October 30, 2018
When testing out a new retail concept, brands often set up – or more accurately, pop up – on the coasts. But when it comes to getting a pulse on how the average American shops, there’s no better place than the Mall of America.
That’s why this holiday season, Good Housekeeping is bringing its media endorsement – and widely recognized GH seal – to its very own pop up shop to the famed megamall. But unlike the rest of the 500+ retailers in the mall, the GH lab is powered by Amazon.
Here’s how it works: the GH Lab looks and feels like a house, with different “rooms” showcasing everything from shampoo to refrigerators. And when you’re ready to buy, no need to track down a sales person, bring the item to the register, wait in line, check out, then lug the item to your house yourself. Shoppers simply take out their smart phones, use their existing Amazon app to take a picture of the smart code to complete the purchase on their own phone. No lines. No hauling. Amazon will deliver the item right to your door on the same delivery schedule shoppers have come to expect when ordering online.
When talking to a salesperson at the GH Lab, it sounds like most shoppers understand the concept right away. “Virtually everyone has the Amazon app, so we don’t have to sell them on downloading another app,” he explained. The only exception? Boomers who still have flip phones. There isn’t a low-tech option for these shoppers to engage; they would need to make a list of the products they like and purchase the items online later.
As if the Amazon fulfillment isn’t enough, there are quite a few other things that make the GH Lab different than any other store. Most notably, the store only carries one item per category. So instead of seeing a wall of smart TVs, the GH Lab only offers one. The best one, according to the Good Housekeeping Institute. And while some people enjoy the shopping experience – judging and evaluating different brands based on different tech specs to find the best TV at the best price – here Good Housekeeping has done all the work for you. If you want a smart TV, buy this one. If you want a new blender, buy this one. It’s the kind of authority that only works when you have a 100-year history of testing and recommending products.
That’s why this store doesn’t even have to look like a store. There aren’t shelves stocked with dozens of brands, each with dozens of products. Shoppers can visualize how the products would look in a house. Packaging on big items is less important, because shoppers see it already unboxed, sitting on the floor or displayed on a counter. Displays look completely different – which means merchandising teams can have more freedom to create compelling displays.
Which brings us to yet another stark difference between this new retail experience and every other store: the staff. It requires a completely different approach to hiring and staffing. Now you don’t need a backroom team to handle receiving or inventory. Floor teams aren’t replenishing shelves because no one is leaving the store with any product. There are no check outs, check-out lines or bagging. The only thing staff has to do is talk to customers. And not even offer advice on which toaster is best, because Good Housekeeping has already done that.
For salespeople, it boils down to establishing trust with shoppers that Good Housekeeping will offer the best products, and Amazon will deliver them at the best price. Both are pretty easy sells if you ask me.
If this goes well, it’s fun to imagine what might be next.
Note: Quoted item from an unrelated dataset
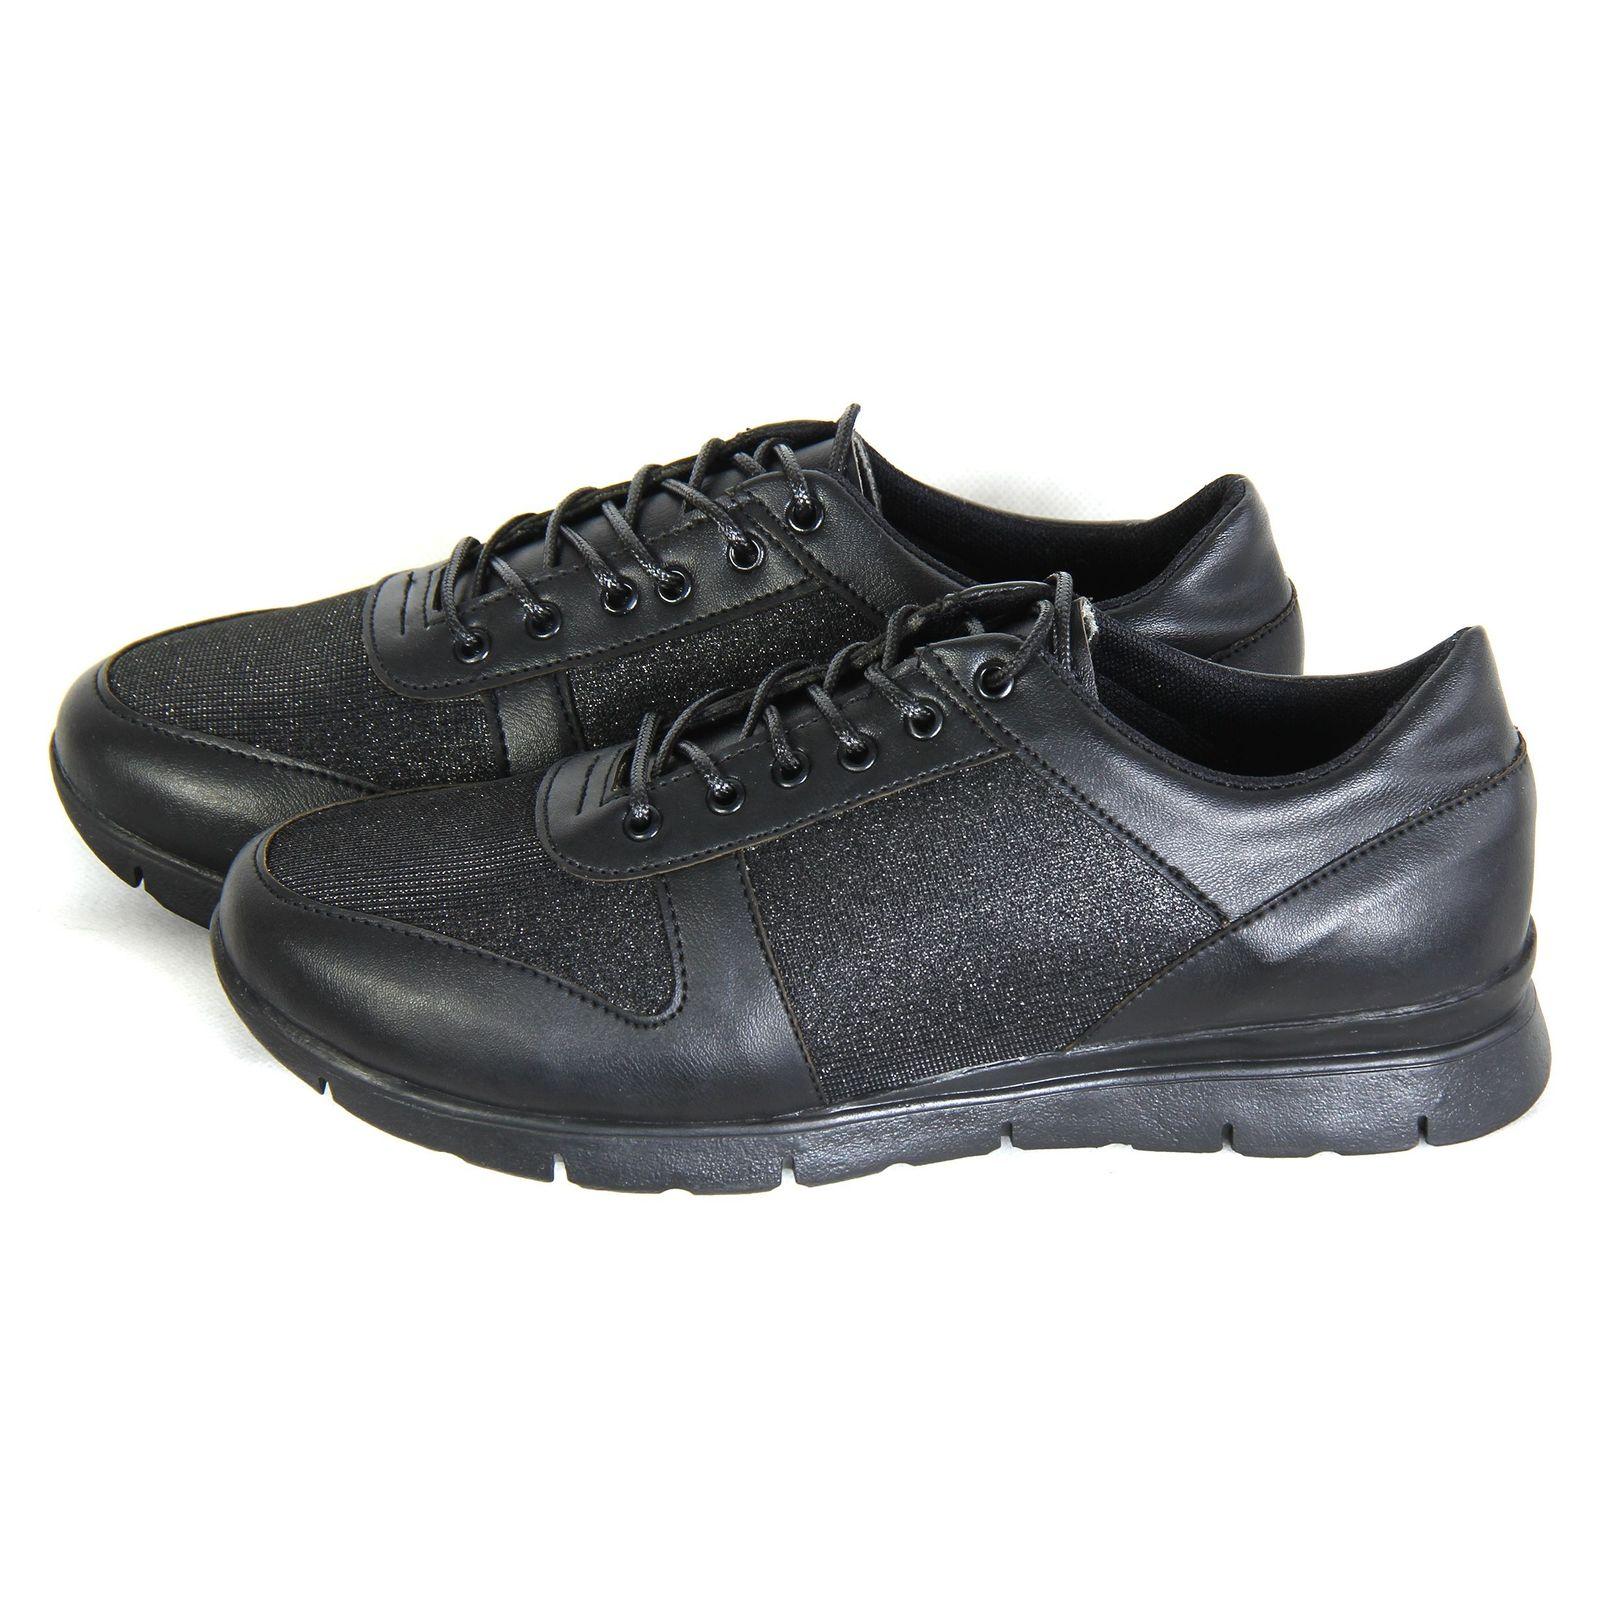 کفش روزمره زنانه کد 013 main 1 1

Retailers completely decoupling the showroom shopping experience from their stockrooms? Pop up shops where influencers can monetize their favorite products, just for recommending them during a meet and greet? Or kids exploring a giant toy store during the holidays, scanning barcodes and making digital wish lists that can immediately be sent to grandma – and then she’s only one click away from ordering exactly what they want?
The GH Lab is open now through December 30. My prediction: consumers will find Good Housekeeping to be good for housekeeping and once again Amazon will dominate the season.